Tuesday, January 18, 2011

Moving a type (i.e. class) to another assembly

In .NET, one often refers to other assemblies that contain specific modules that you can use in your application. Say, you reference a DLL that contains some classes that you will use in your application. Suppose the application is deployed. Now, suppose you want to move one class of the DLL to another assembly. What can you do in this situation with old coding methodoligies? The old methodologies say,
  • Remove the class from the existing DLL.
  • Create another DLL (assembly) using that class.
  • Recompile both the DLLs.
  • From your application, add a reference to the new DLL.

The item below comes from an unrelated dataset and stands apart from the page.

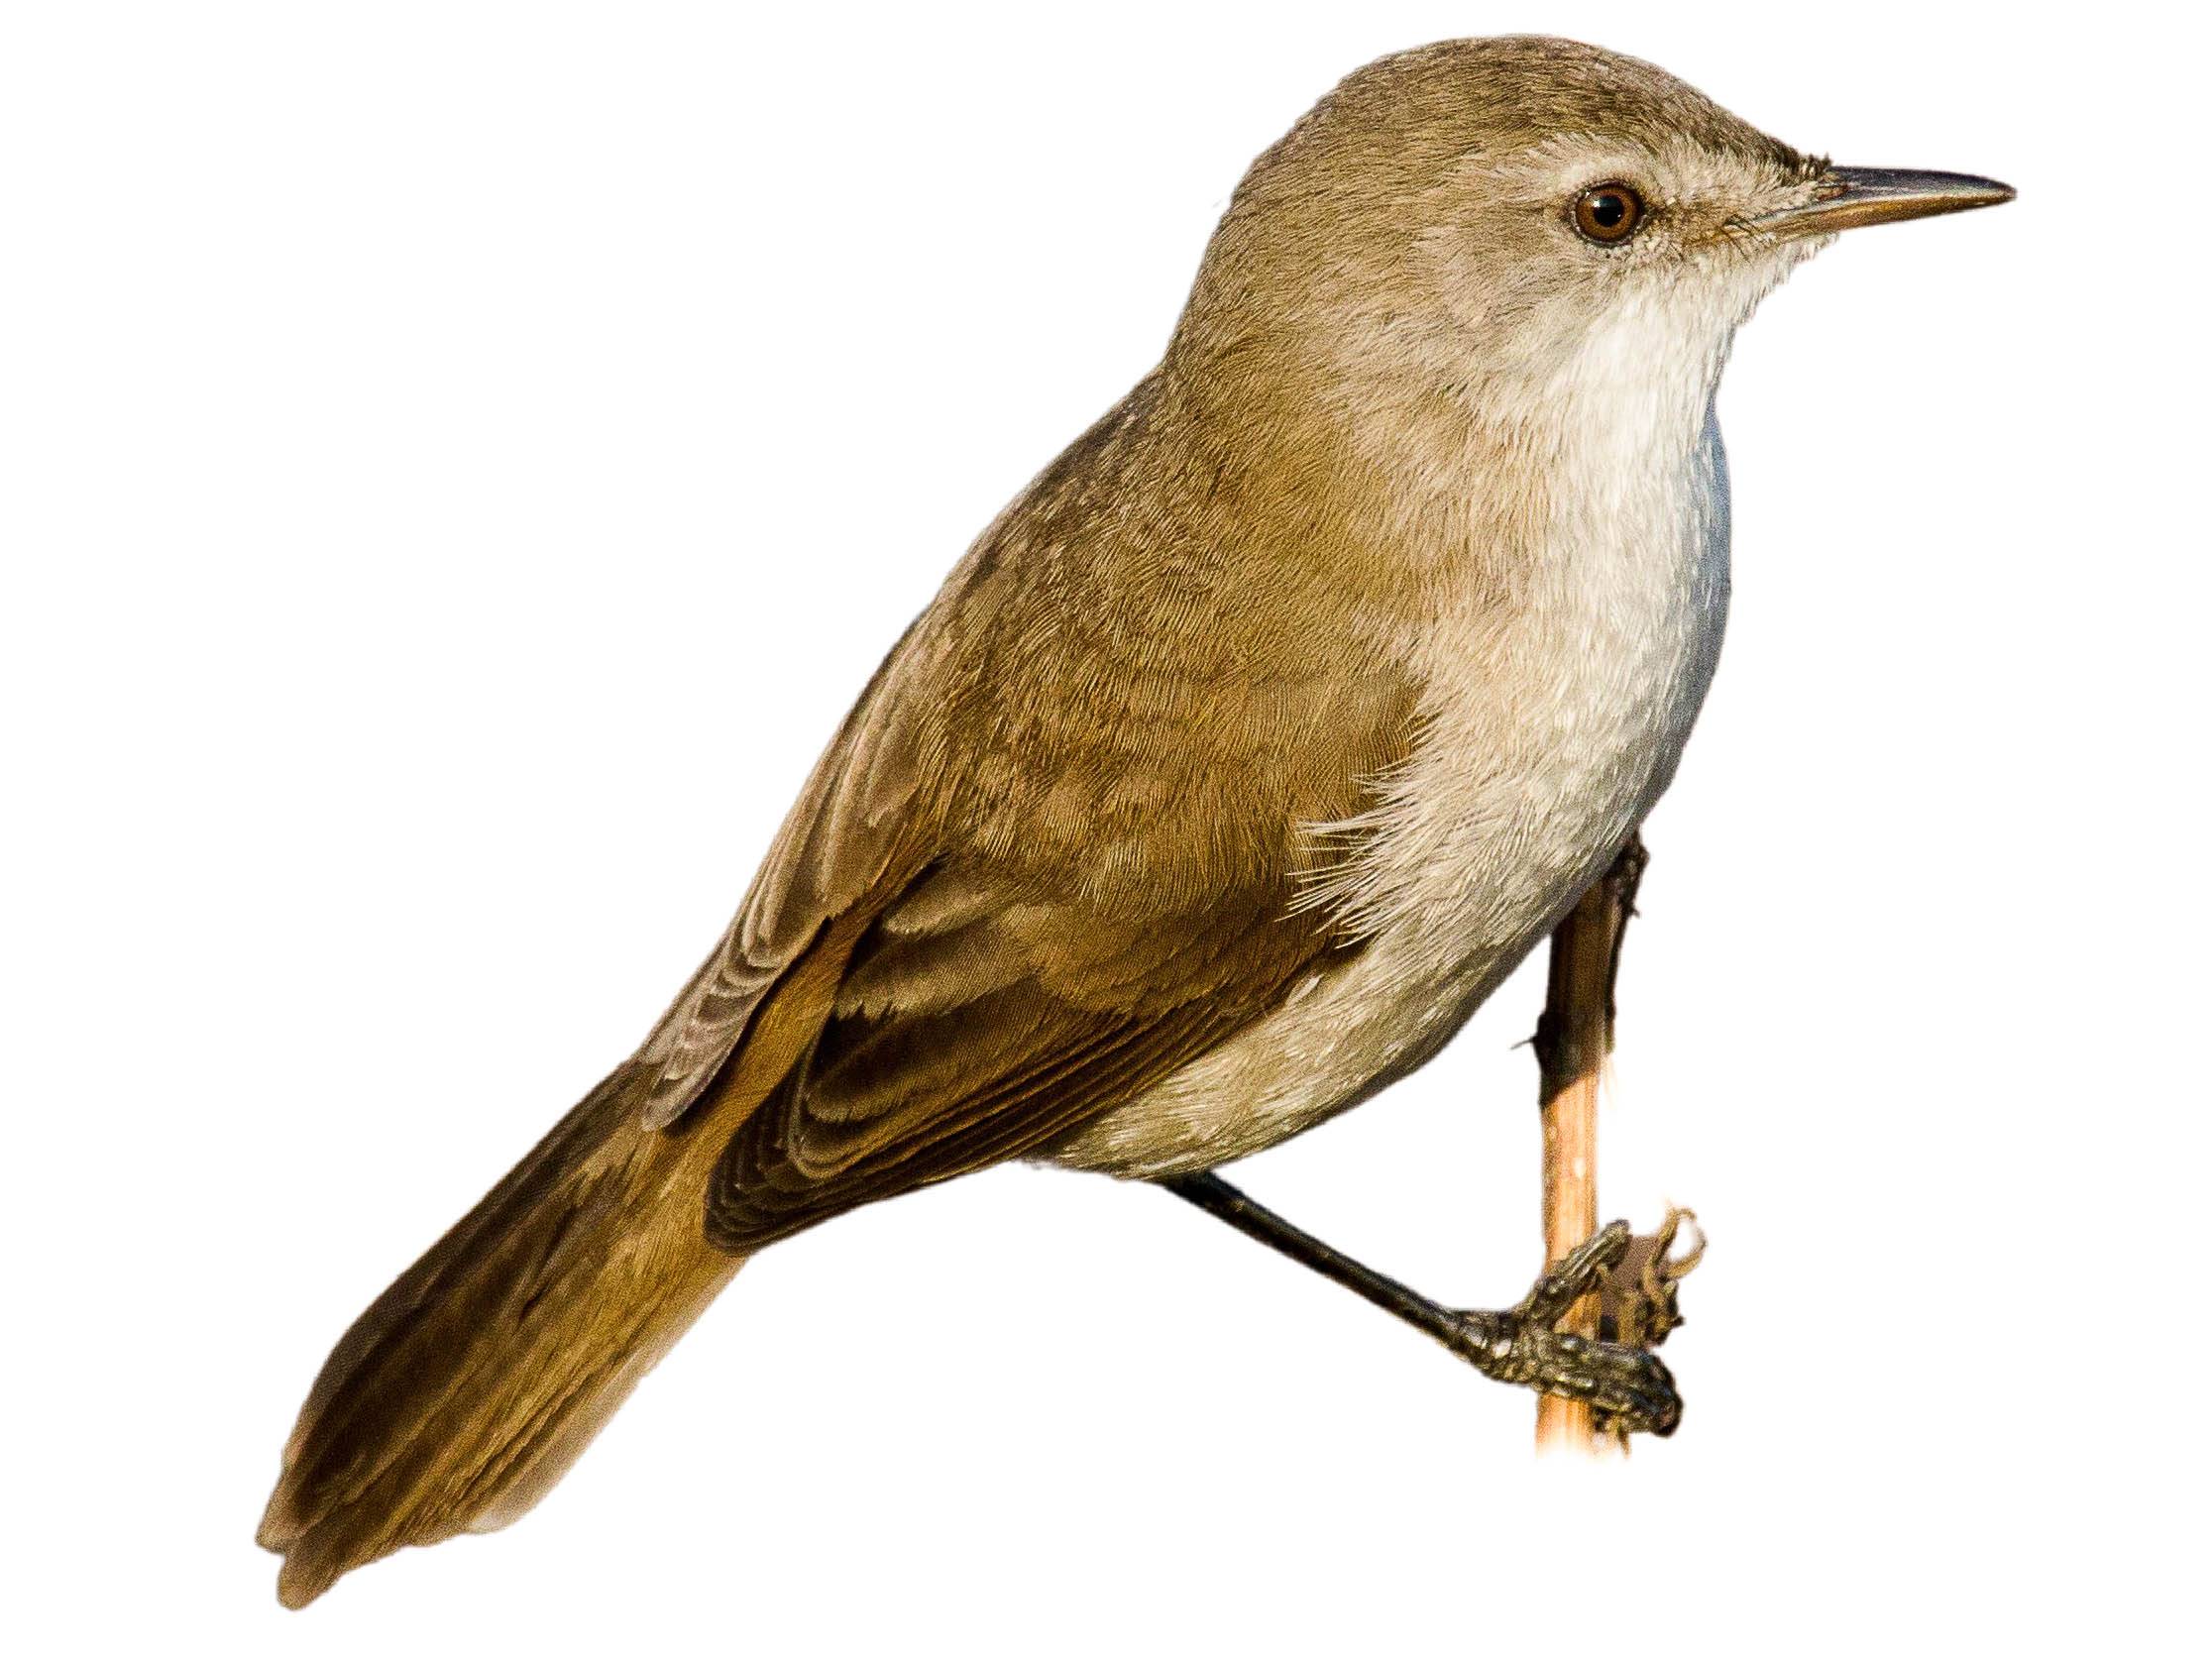 A photo of a African Reed Warbler (Acrocephalus baeticatus)

  • Recompile the application.
  • Re-deploy the whole thing.
Wouldn't it be nice to leave the deployed application untouched, and make whatever changes are needed in the DLLs? Obviously, that would be nicer. That's where theTypeForwardedTo attribute comes into the scene. By using this, you can move your necessary classes out to a new assembly. Now, when your application looks for the class in the old DLL, the old DLL tells your application (the JIT compiler—to be precise), "Well, the person (class) who lived here has moved to another location; here is the address." It gives in the address, your application follows the address, there it finds the class, and things go on as is.

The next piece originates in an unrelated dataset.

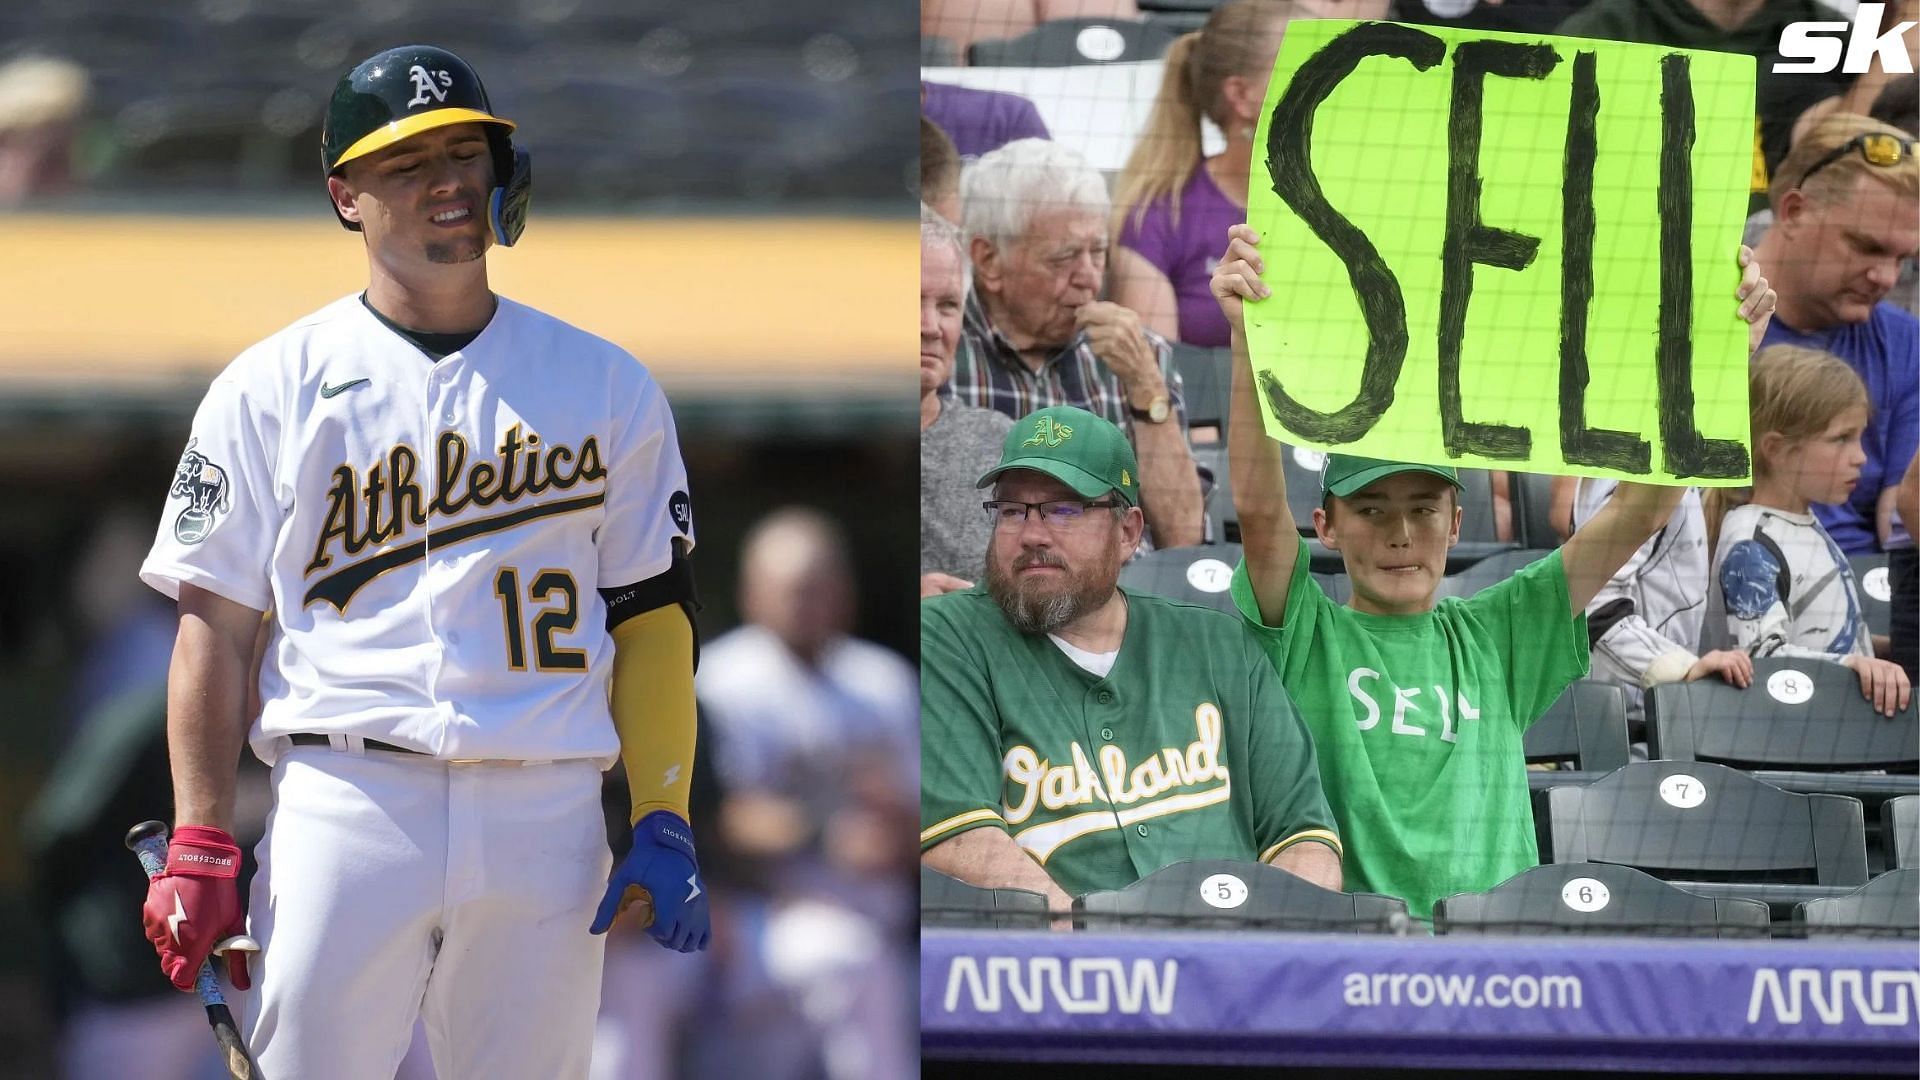 MLB appears to edit out critical Oakland A's fan signs, league

So, simply you will create another assembly (DLL) and move the class to the new assembly. Then, you have to compile the new DLL and add a reference to it from the previous DLL. Then, you will add a TypeForwardedTo attribute in the previous DLL to mean a specified type is forwarded to some other assembly. Then, you have to recompile the old DLL and, as a result, you will have two DLLs in the release folder of the previous DLL. Now, you just have to place both the DLLs in the root of the deployed application (or wherever the old DLL is).